首無しの武士 Ⅱ
男の名を莇野忠右衛門といった。
自己紹介を済ませ、早速本題にと口を開こうとするが、ある事に気付いてそれをやめる。
話し相手である真琴との距離だ。
最初に話しかけた時と比べれば近付いた方だが、その距離はまだ遠く、身の上話するには大きすぎる声で話さなければならないのだ。
他人に内緒にしなければならない話をするつもりはないが、大声で話して周りの霊が寄って来るのは困る。
何しろ、すぐ近くに水害で死に、この世に未練がある者が大勢いるのだ。
彼女の異質さに気付けば、我先にと縋り付く事だろう。
(とは言え、まさに今俺が縋っている最中なのだがな)
自嘲気味に笑うと、腰が引き気味でこちらを伺う真琴が、更に顔色を悪くさせた。
何が原因かは不明だが、このままでは話も聞かず立ち去られる事も考えられる。
忠右衛門は表情を引き締めると、引き止めるのも兼ねて口を開いた。
「この距離では話しずらい。今少し、近う寄ってはくれまいか?」
「…………投げてこない?」
「は?」
「頭」
指を差されたのは自身の抱えた頭。
何を好き好んで大事な頭を投げなければならないのかと怪訝に思うが、彼女の顔は真剣だ。
忠右衛門は一瞬呆気にとられた後、豪快に笑い声を上げた。
ひとしきり笑い、落ち着いた頃には、真琴の顔はすっかり引き攣り、心なしか涙目になってしまっていた。
「失礼。随分と久方ぶりに笑わせてもらった。安心せい。これは某の大切な頭。

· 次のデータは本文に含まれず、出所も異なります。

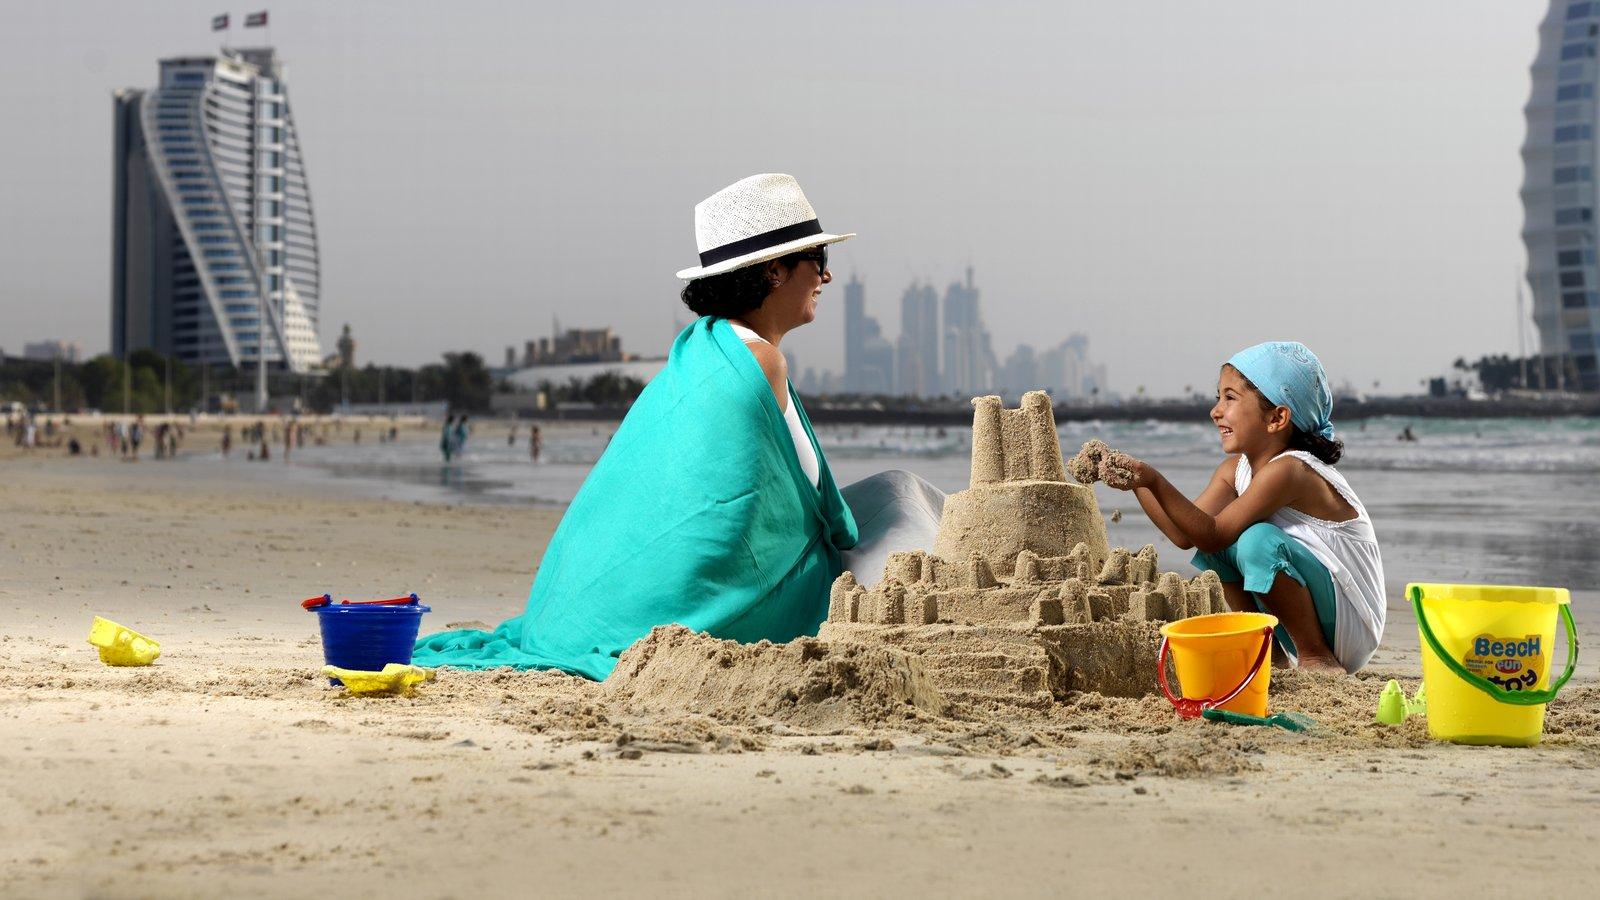 Jumeira Beach and Park which includes a beach as well as a family

投げ付ける真似などせぬ」
「……本当に?」
「武士に二言はない」
それを聞いて安心したのか、真琴は恐る恐るではあるが忠右衛門に近寄り、その傍へとしゃがみ込んだ。
話しやすくなった距離に満足気に頷くと、今度こそ本題を話すべく口を開くのだった。
◇◇◇◇
「某を、連れて行ってほしい所がある」
そう告げた男の目を、真っ直ぐ見つめる。
男の腹部辺りを見つめる事になって、なかなかシュールな姿だ。
最初こそ生首が喋る姿に驚き、恐怖を感じたが、それが自身に危害を加えないとわかり、真琴はすっかり気を緩めていた。
そもそも、彼自身もずっと見上げなければいけないのだから、肩が凝りそうだななんて考えて、ふと首を傾げる。
――肩と繋がってない状態ででも、肩は凝るのだろうか。
脱線しかけた話を、頭を振って切り替える。
急に頭を振り出した真琴を不思議なものを見るように見つめていた忠右衛門だったが、その瞳の色はどこか楽しげだ。
「えーっと……一人で行けない所なの?」
「いや、何度か試したのだが、この場から動けぬのだ」
「それ、地縛霊……って事なんだと思う」
「じばくれい? 何だ、それは」
「土地に縛られた霊。そこで死んだ人や、その土地に思い入れがある人がなるらしいよ」
幽霊生活の中で、真琴も少し幽霊について学んだ。
ほぼ洋平からと飛鳥からの情報なのだが、成仏出来なかったと洋平に報告した時に爆笑されたのは少し根に持っていたりする。
話が逸れたが、彼等が話すものの中に、それはあった。
「地縛霊……」と、忠右衛門が口の中で繰り返す。
身に付けたばかりの知識を披露できて、真琴も心持ち満足そうだ。
「土地に縛られるって言うけど、全部思い込みなの」
「は? 思い込み、とは?」
「例えば――」
言葉を切り、川辺の団体を指差す。
「あの人達は水の事故で亡くなった。だから今も身体が濡れたまま」
「…………」
「死ぬ間際に水を見たんだろうね。水に触れたら濡れる。常識。だから錯覚してしまう。私達には濡れる身体はないのにね。……貴方もそれと同じ」
遠い目で語っていた真琴の視線が忠右衛門へと移される。
いつの間にか、雨は上がっていた。
「ここで死んだから、ここから動けない。首を切られて死んだから、今も首と身体が離れていると思い込んでる」
真琴は男の頭を掴むと、在るべき場所へと置いた。
高くなった目線に笑いかけると、自分の首を見せる。